= Archive of Czech Television =

Archive in Prague, Brno, and Ostrava

Archive and program funds of the Czech Television (Archiv a programové fondy České televize; abbreviation APF) is a specialized archive of the Czech Television. Organizationally, it is divided into three separate departments in Prague, Brno and Ostrava.

==History==
The beginnings of the archive of Czech Television can be dated to the time of the start of trial public television broadcasting in 1953, but the storage of records, documents and materials did not expand until 1959 after the independence of television from Czechoslovak Radio.
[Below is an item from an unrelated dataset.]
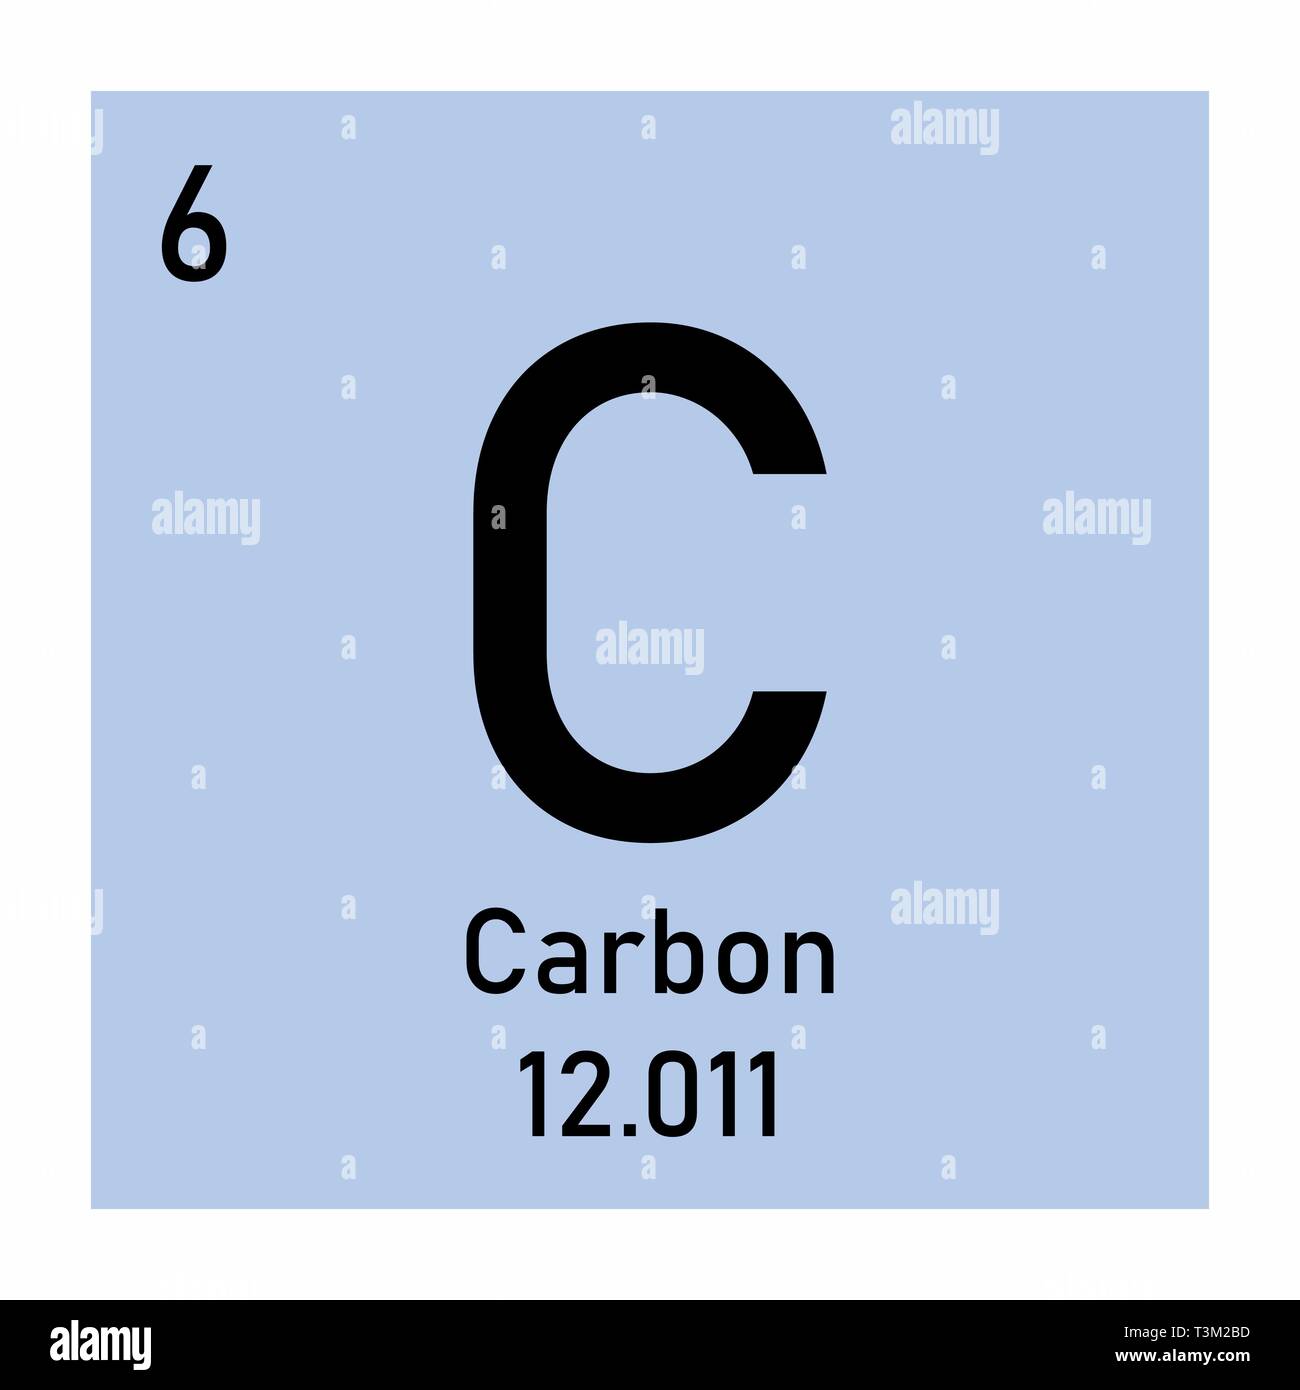 carbon an element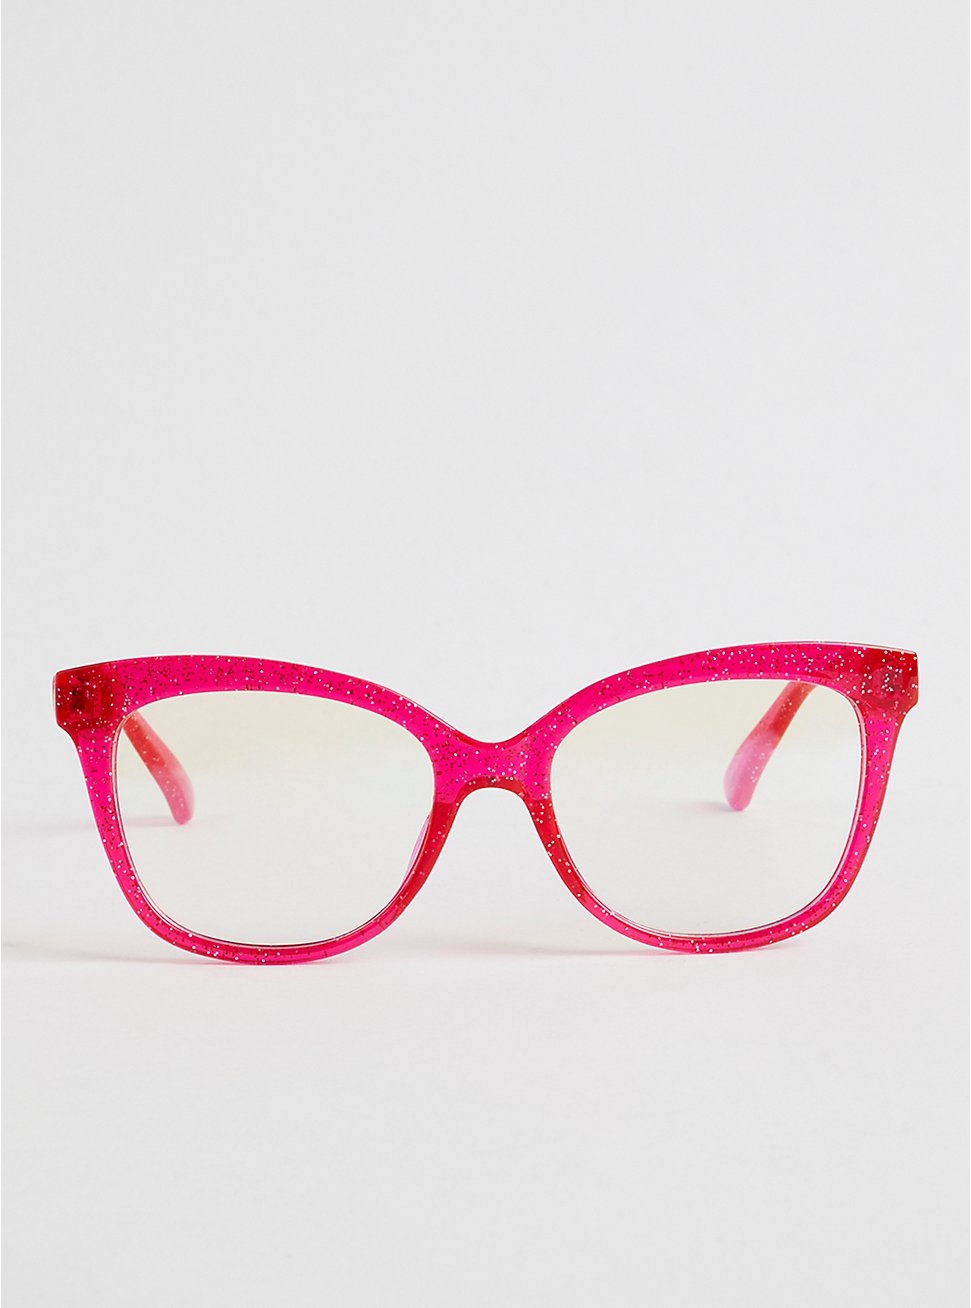 Cat Eye Bluelight Glasses - Hot Pink, , hi-res

The Department of Archives and Documentation was established in Czechoslovak Television in 1962, and only in April 1965 was the archive established as an independent organizational unit. Although the main seat of the archive was the Town Hall in Prague, the depositories were almost all over the country and the archives were often not properly stored.

In 1968, the management of archives was methodically separated from the management of the materials of the television program fund. In 1971, the two departments merged again. A big advantage for the archive was the construction of the new building of the Czech Television on the Kavčí hory.

During 1997 Central European flood, part of the archive in Ostrava was damaged and the materials were transported to the Kavčí hory. According to Act 499/2004 Coll. the archive of the Czech Television is included among the specialized archives. Since 2013, the archive has been subordinated to the Department of Economics and Operations.

==Function==
APF currently primarily manages all audiovisual recordings, including their technical preparation and distribution to recording, editing, digitizing and broadcasting workplaces. At the same time, it documents part of older audiovisual programs and recordings and sound images, and receives and catalogs documents. On a daily basis, he cooperates with creative staffs in the selection of archival samples, conducts professional research and creates a methodology for records and searches in databases. One of the main activities of the APF in recent years is the preparation and implementation of procedures for digital archiving and work with digital archive materials in the Czech Republic and the systematic digitization of historical funds.